Organisational structure
Farming on Crutches is part of SLASA, which is licensed as a charity with the National Sports Authority (Ministry of Sports) and National Revenue Authority, which attracts a number of concessions including duty-free importation of equipment. SLASA’s Board is elected from and by the membership. There is no formal structure in the UK, with support being provided by volunteers.
Outside help
In the UK the main link has been John Meadley, who has spent more than five decades engaged with rural communities in Africa, Asia and the Caribbean. He first went to Sierra Leone in the late 1970s to assist in areas relating to the purchasing peanuts (and later other products such as rice and ginger) directly from farmers as well as in the xpansion of cocoa and coffee production in the Eastern Region. He returned to Sierra Leone in 2001 to lead a British mission to assess how the UK could support the regeneration of rural life as the civil war was coming to an end and to become involved in the implementation of the resulting programme. It was during this time that he became acutely aware of the large number of amputees resulting from the brutality of the warring factions. In 2012 he took his son Tom, then 16, to Sierra Leone to introduce him to the country and its people and it was whilst there that they came across the amputee footballers playing on Lumley Beach and that was the beginning of the relationship. Two years later, SLASA got through to the knock-out rounds of the World Amputee Football Cup and asked Tom to write their theme song – which he did and which you can find here. Sadly, they were unable to continue in the competition due to Ebola.

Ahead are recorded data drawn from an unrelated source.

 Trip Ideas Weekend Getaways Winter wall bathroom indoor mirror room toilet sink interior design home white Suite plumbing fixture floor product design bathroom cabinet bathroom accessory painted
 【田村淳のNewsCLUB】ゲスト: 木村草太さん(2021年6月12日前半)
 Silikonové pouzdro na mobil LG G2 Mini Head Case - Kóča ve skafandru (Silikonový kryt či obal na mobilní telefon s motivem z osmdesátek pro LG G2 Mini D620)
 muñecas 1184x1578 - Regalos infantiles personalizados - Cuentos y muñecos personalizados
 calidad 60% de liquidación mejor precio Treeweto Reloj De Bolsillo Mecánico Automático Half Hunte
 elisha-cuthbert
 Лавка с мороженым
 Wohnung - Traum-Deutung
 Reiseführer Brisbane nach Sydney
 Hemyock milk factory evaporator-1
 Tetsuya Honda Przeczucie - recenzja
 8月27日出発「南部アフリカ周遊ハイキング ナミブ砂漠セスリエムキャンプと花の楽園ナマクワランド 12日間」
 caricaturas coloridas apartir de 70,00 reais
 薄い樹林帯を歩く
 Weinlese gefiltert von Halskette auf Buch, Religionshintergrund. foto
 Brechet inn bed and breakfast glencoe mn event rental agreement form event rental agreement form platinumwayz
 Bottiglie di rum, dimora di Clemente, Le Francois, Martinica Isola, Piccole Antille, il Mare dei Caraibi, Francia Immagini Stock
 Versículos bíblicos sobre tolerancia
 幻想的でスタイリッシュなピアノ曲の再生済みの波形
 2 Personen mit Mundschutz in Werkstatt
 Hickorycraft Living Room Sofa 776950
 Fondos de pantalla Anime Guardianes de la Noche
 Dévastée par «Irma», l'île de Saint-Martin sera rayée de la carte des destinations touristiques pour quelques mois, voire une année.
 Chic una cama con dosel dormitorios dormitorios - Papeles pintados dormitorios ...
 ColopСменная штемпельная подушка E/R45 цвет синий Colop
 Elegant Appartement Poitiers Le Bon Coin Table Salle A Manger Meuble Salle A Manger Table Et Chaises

Contact continued during the coming years until 2018 when Mambud was invited to participate in the course at ARI in Japan. On his return the idea of developing the three-acre site as a training farm emerged - which the LUSH funds translated into a reality. John has continued to mobilise funds in the UK and to communicate regularly with Mambud as the project has evolved. He is also the co-founder and Hon President of the Pasture for Life movement, which encourages farmers to raise their ruminant animals wholly on pasture, and so brings with him the experience and friendship of this pioneering group of farmers.
Pete Belk went to Sierra Leone in 2013-14 as a volunteer for a year to work with The Collective Sierra Leone. That experience, and an affection for Sierra Leone, has remained with him. A chance meeting with John introduced him to Farming on Crutches and led to his close involvement in building the UK support network. Pete grew up working on farms in mid-Wales. He has since spent 15 years working in a variety of sustainability focused roles encompassing campaigning, leadership development, responsible business strategy and more recently focusing on nature recovery with Natural England and Gloucestershire County Council. His brother-in-law, Chris Jones , helped to design the Farming on Crutches logo.